YOUR TASK: Every line of the material is to be returned verbatim. Pictures stay out.

GIVEN MATERIAL:

- - - - - - -

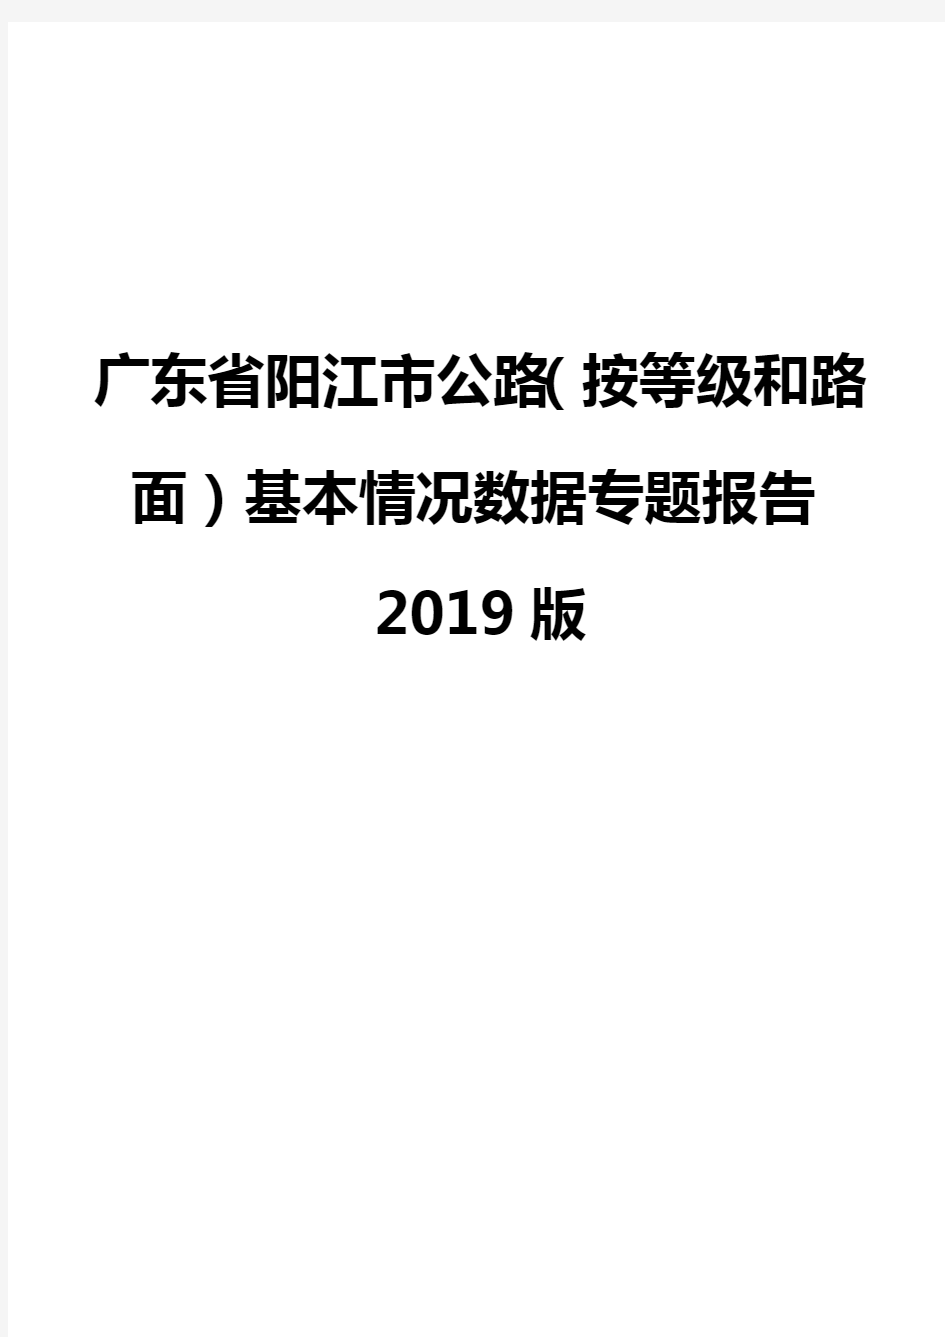 广东省阳江市公路(按等级和路面)基本情况数据专题报告2019版
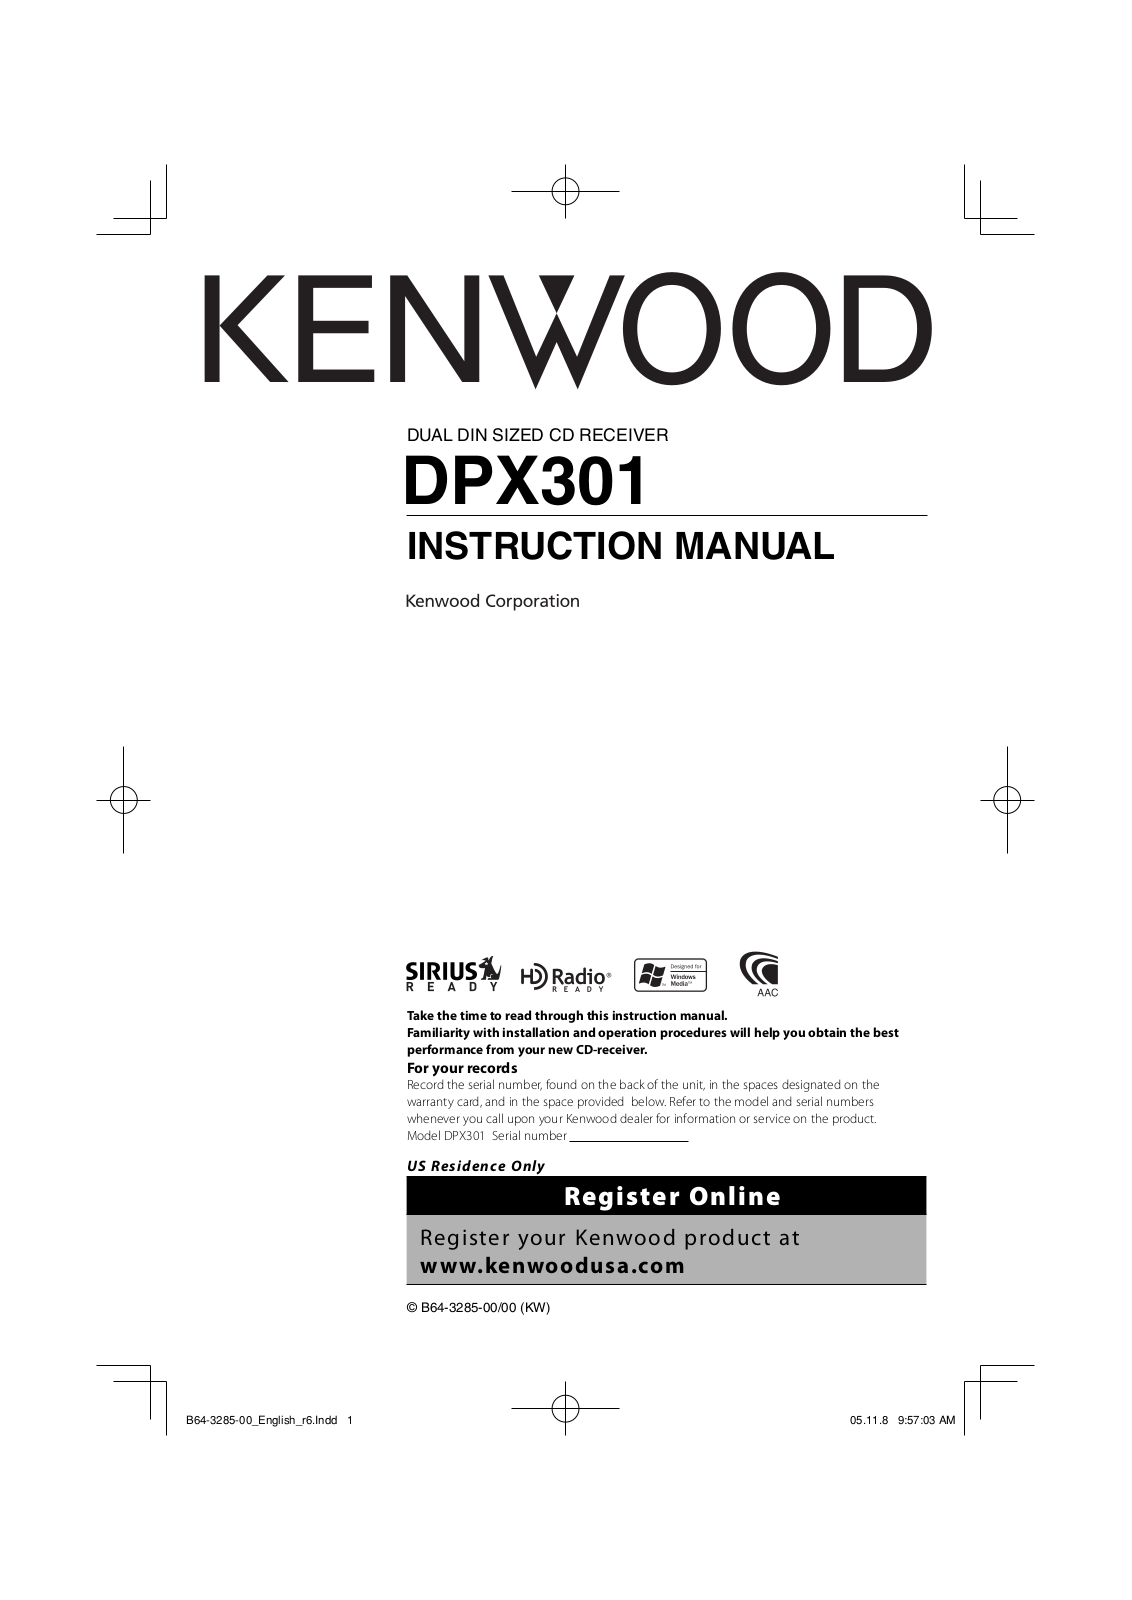 Kenwood DPX301 User Manual
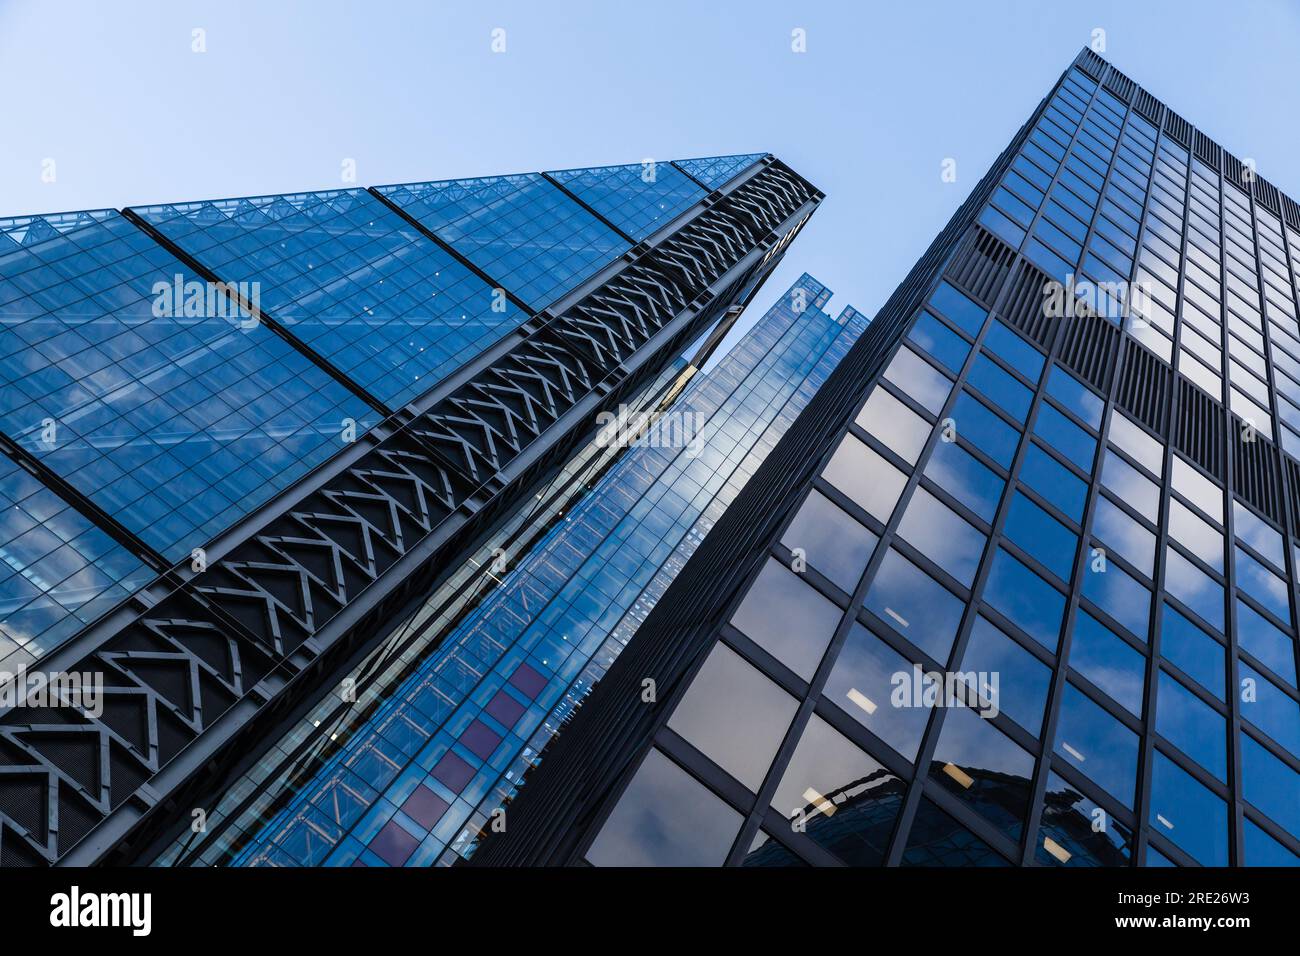 London, UK - April 25, 2019: London city skyline modern skyscrapers under clear blue sky Stock Photo

- - - - - - -

RESPONSE BELOW:
 广东省阳江市公路(按等级和路面)基本情况数据专题报告2019版
 Kenwood DPX301 User Manual
 London, UK - April 25, 2019: London city skyline modern skyscrapers under clear blue sky Stock Photo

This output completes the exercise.